Often long and heavily plotted, John Irving's fiction regularly features troubled childhoods, violent maiming, sexual promiscuity, circuses, sports, religion, writers and writing, domesticated animals, travel and memory. Avenue of Mysteries sits right in the sweet spot of Irving's obsessions--and as with his past books, its imaginative storytelling overcomes its plot complexity and characters' often over-the-top behavior.
Irving tells a rambling story that moves in and out of chronological time. At 14 years old, Juan Diego lives in a shack with his younger sister, Lupe, and their suspected father, Rivera, outside Oaxaca, Mexico.
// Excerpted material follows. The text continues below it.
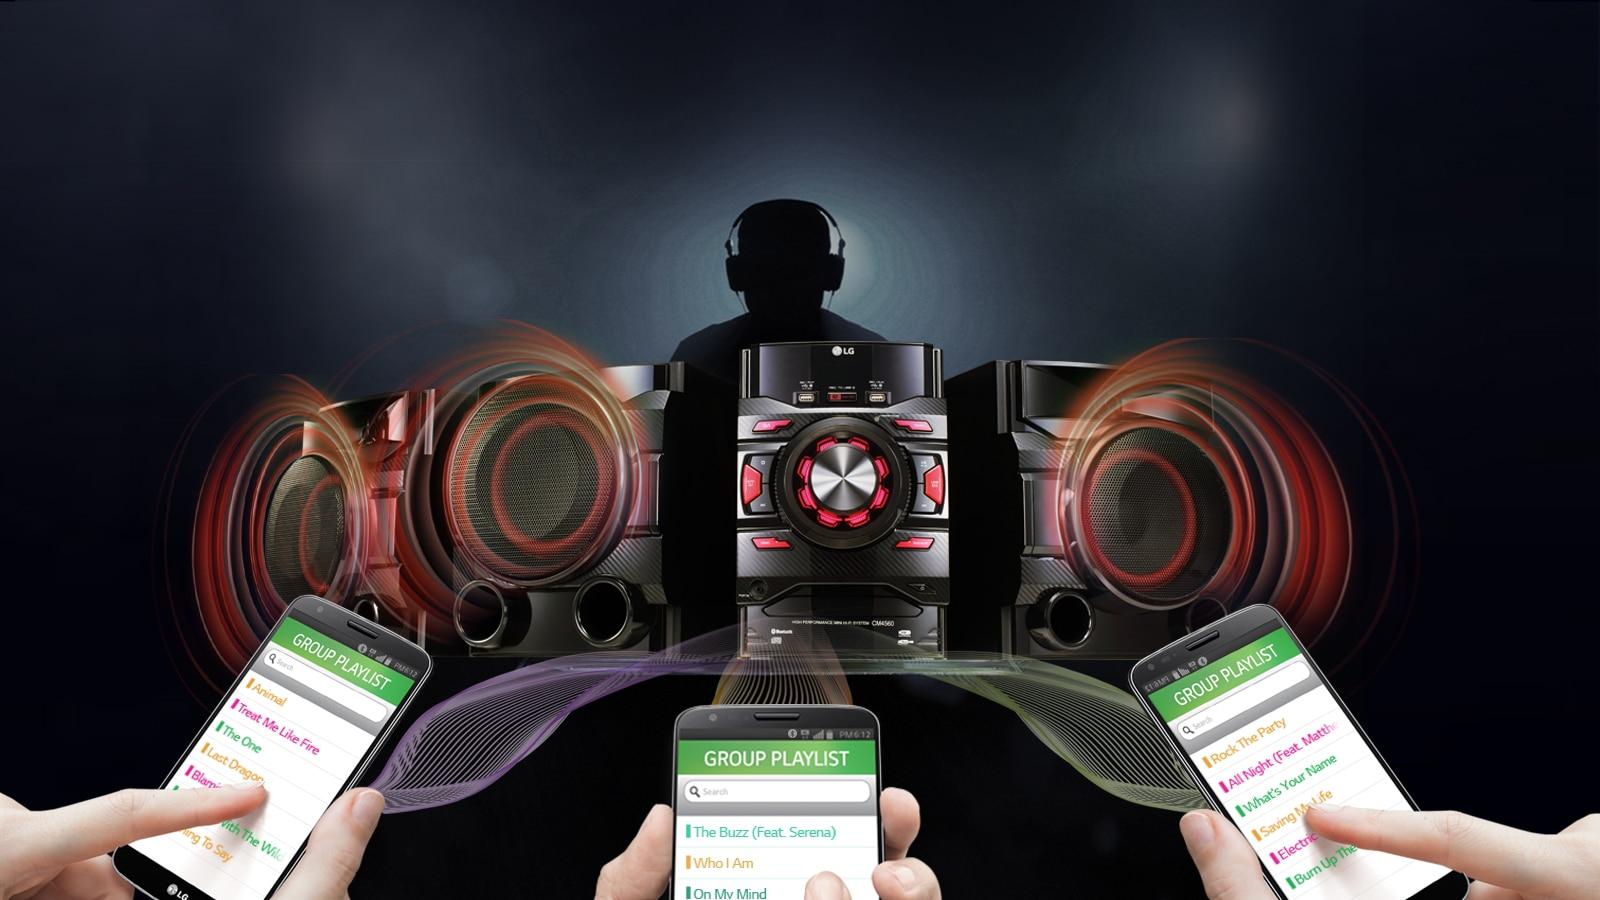 Multi Jukebox

They are the "dump kids," and Rivera the "dump jefe." Along the journey of Juan Diego's life, he and Lupe join a traveling Oaxacan circus, and Rivera accidently runs over Juan Diego's foot, giving him a permanent limp. By the time he is 54, the novelist-protagonist Juan Diego is visiting Our Lady of Guadalupe Church in Manila, Philippines, ruminating on the many ghosts and memories from his past.
Juan Diego is an inspired character who provides Irving with a platform from which to explore the mysteries of growing old, of religious fanaticism and fantasy, of language, of companionship and love, and especially of writing. Regarding his maimed foot, Juan Diego thinks: "A cripple's life is one of watching others do what he can't do, not the worst option for a future novelist." From wherever it came, Irving's knack for telling a good story is as strong as ever. --Bruce Jacobs, founding partner, Watermark Books & Cafe, Wichita, Kan.